# Has anyone experienced Ethanol issues?



## Jigmaster (Apr 3, 2006)

Anyone experienced Ethanol related problems with their Outboard?

Auto,Motorcycle,Mower,weed eater,Blower,Chainsaw etc...


----------



## TimKan7719 (Apr 4, 2008)

Well I use a gass additive to help take it out on my John boat motor, for bigger gas tanks I would say find a place that only sells gas with no Ethanol. I have heard of mnay diffrnet problems that people have had from deposits and build up to overheating the engine, not sure any of them can be directly pointed at the ethanol. But on the safe side I use a additive or buy my gas near the lake at a place that dont have Ethanol added.


----------



## Jigmaster (Apr 3, 2006)

*Dont Blame you*

I did a Personal Fuel study on this e-10 took a years on my own Dime it is true Crap, that the fed is force feeding us, all the While no better than MTBE not that Pure MTBE gas is bad. Ethanol just doesn't live up to it's claim' All political based!!! 
While TAXPAYERS paying 50 cents per gallon in subsidies to the Corn farmers only to have them Kick back half to Campaign funds to keep the cash cow coming and Electoral Votes for parties involved.

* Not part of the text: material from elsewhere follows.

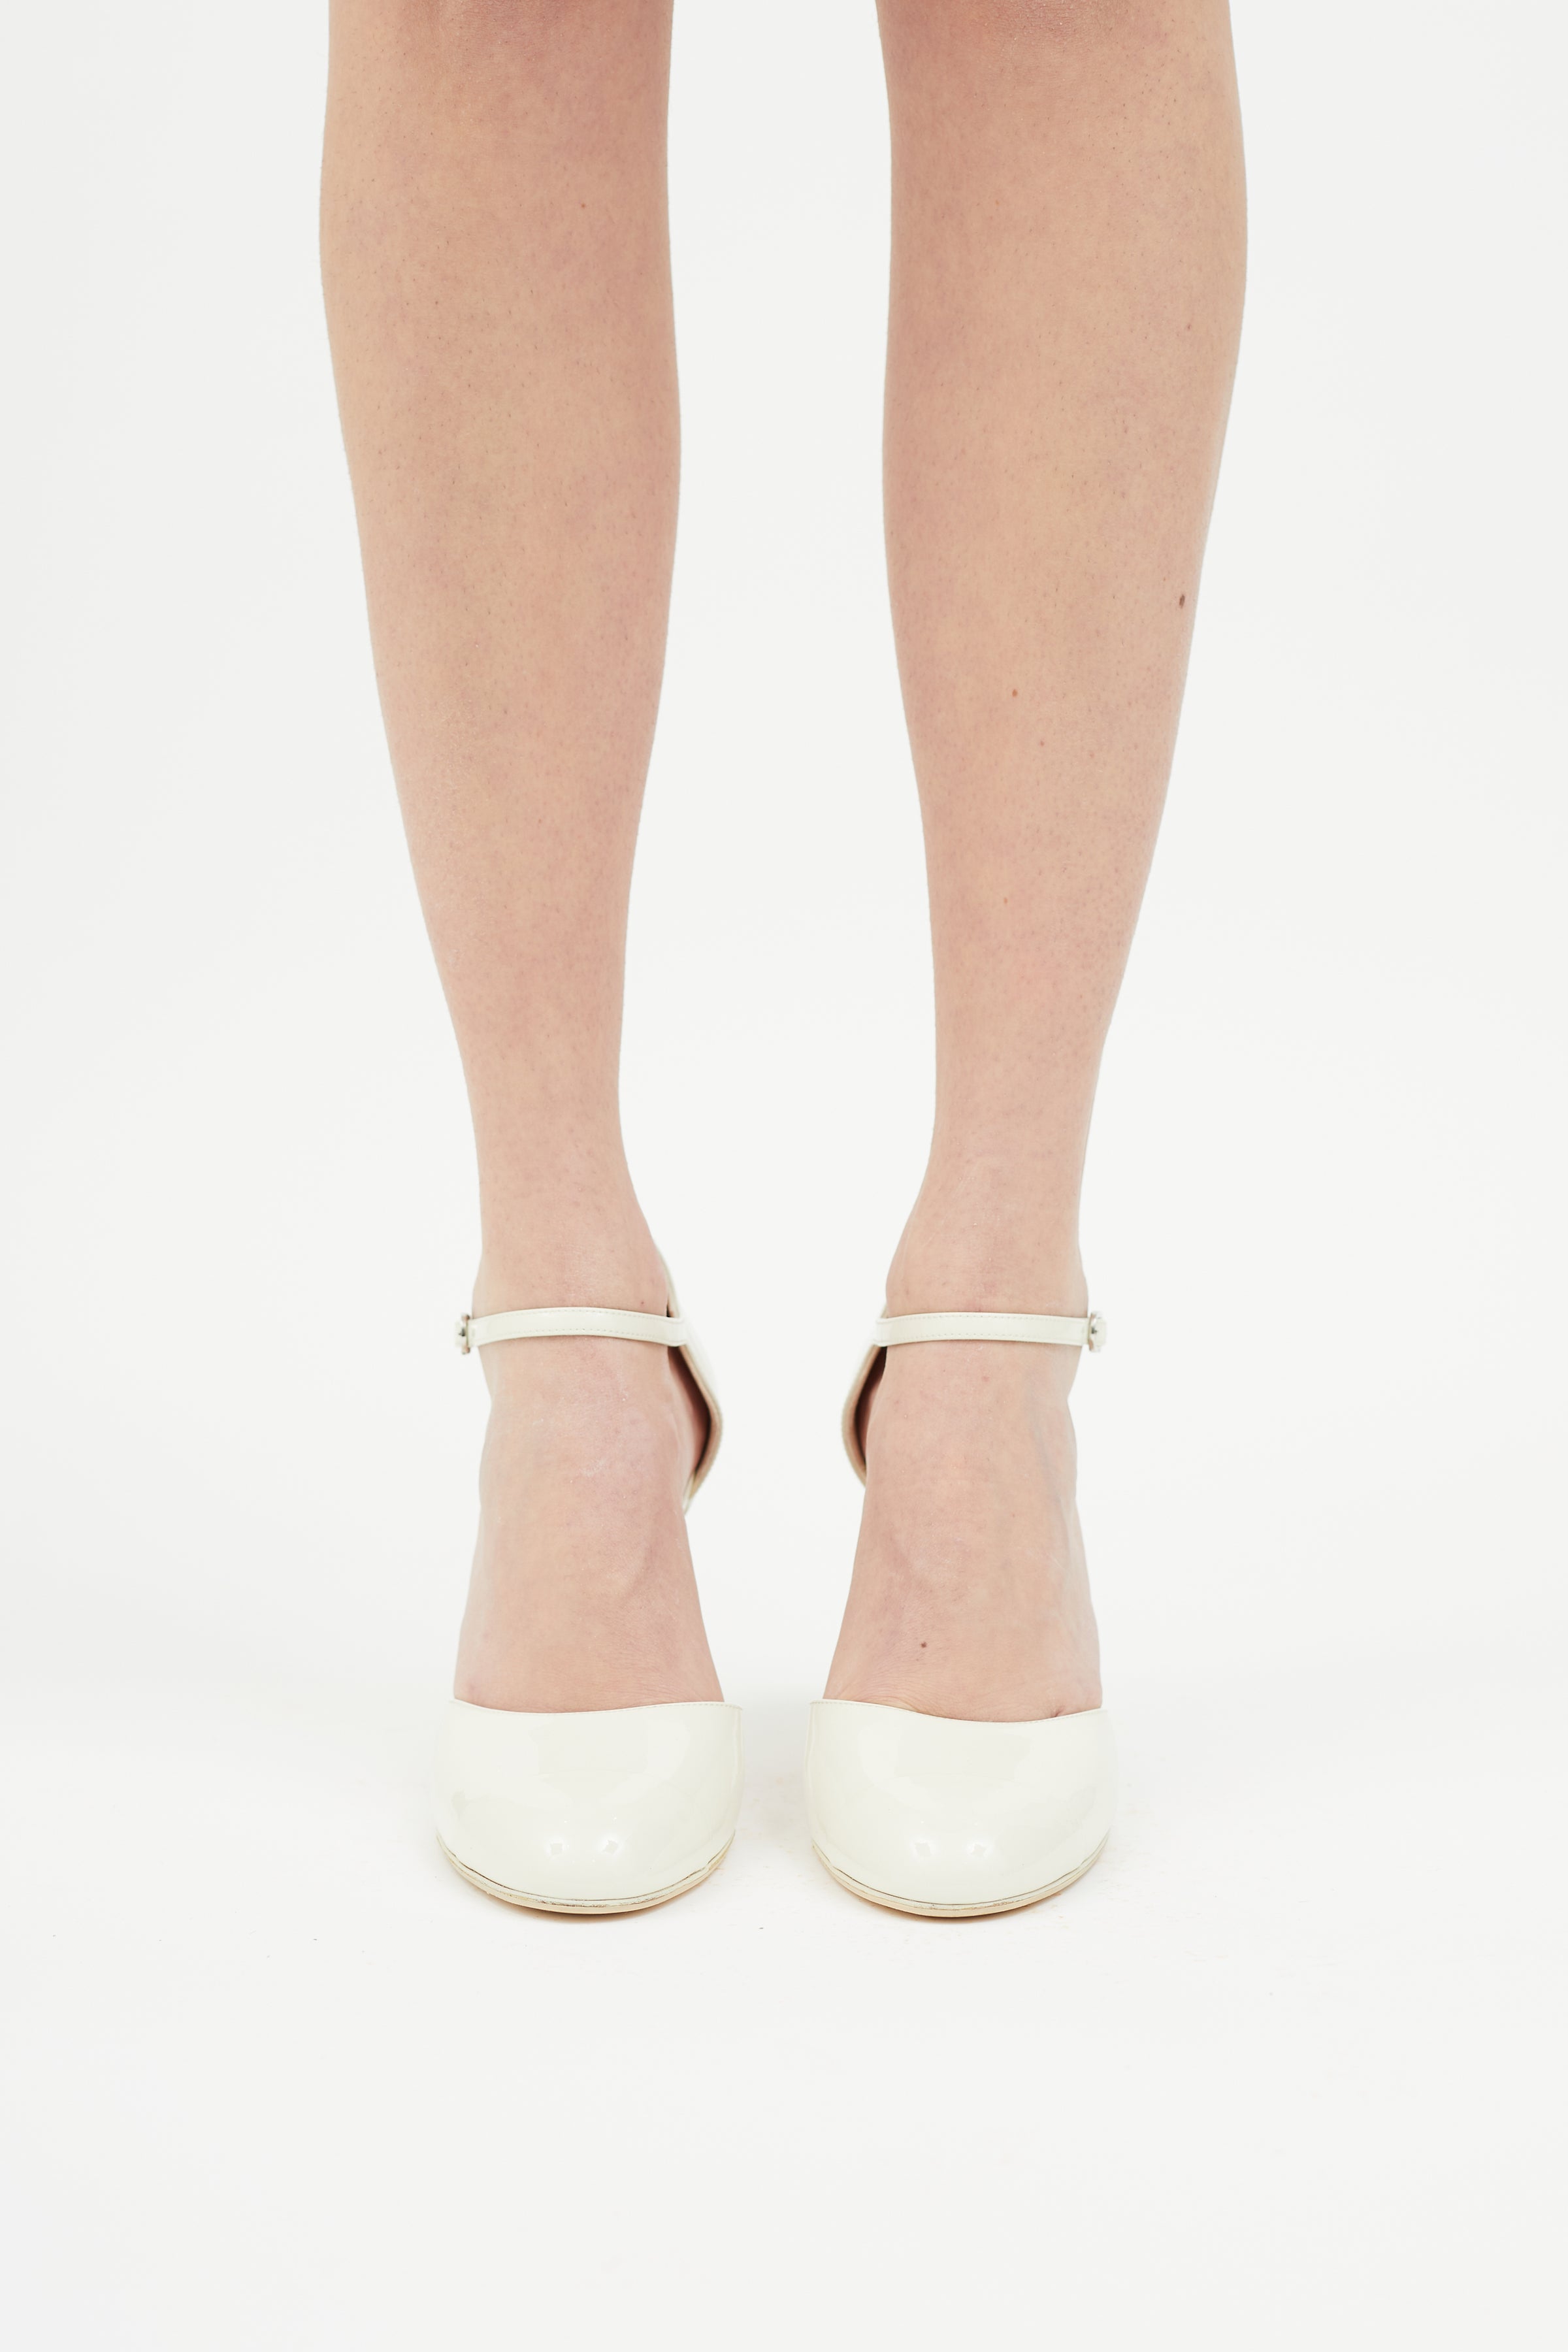 Louis Vuitton // White Patent Bow Heels – VSP Consignment

Highly Corrosive unstable Crap that is causing all kinds of issues. I hope Ethanol gets squashed soon. Just enough to screw up our engines and fuel systems. 
There is a reason why it has not been approved buy NTSB and FAA in Airplanes. 

***Biggest farce of the decade!!!***

*It actually costs more overall at the pump and to Produce. while it has as much or more Green house gas in emissions.

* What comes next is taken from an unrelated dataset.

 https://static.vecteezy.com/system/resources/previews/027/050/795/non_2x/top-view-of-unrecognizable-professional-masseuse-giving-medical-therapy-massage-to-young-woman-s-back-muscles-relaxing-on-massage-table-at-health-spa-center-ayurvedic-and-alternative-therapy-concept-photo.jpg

Lower BTU's of this equates to 20% worse fuel economy/Performance as well. So guess what there is no savings only folks suffering at the wallet and in repair costs.

Don't bother with the snake oils false bottle of hope Seafoam,Stabil, they all contain Ethanol/Alcohol making the situation worse. 

Ethanol cannot be stabilized save your money!!!

(BAN ETHANOL SUBSIDIES BY 2012) lets get rid of this Garbage!

Al Gore, finally admitted ETHANOL was not a wise decision. hmmmm....


----------



## [email protected] (Jan 28, 2003)

yeah,, i'm with you ..what now?????????????????


----------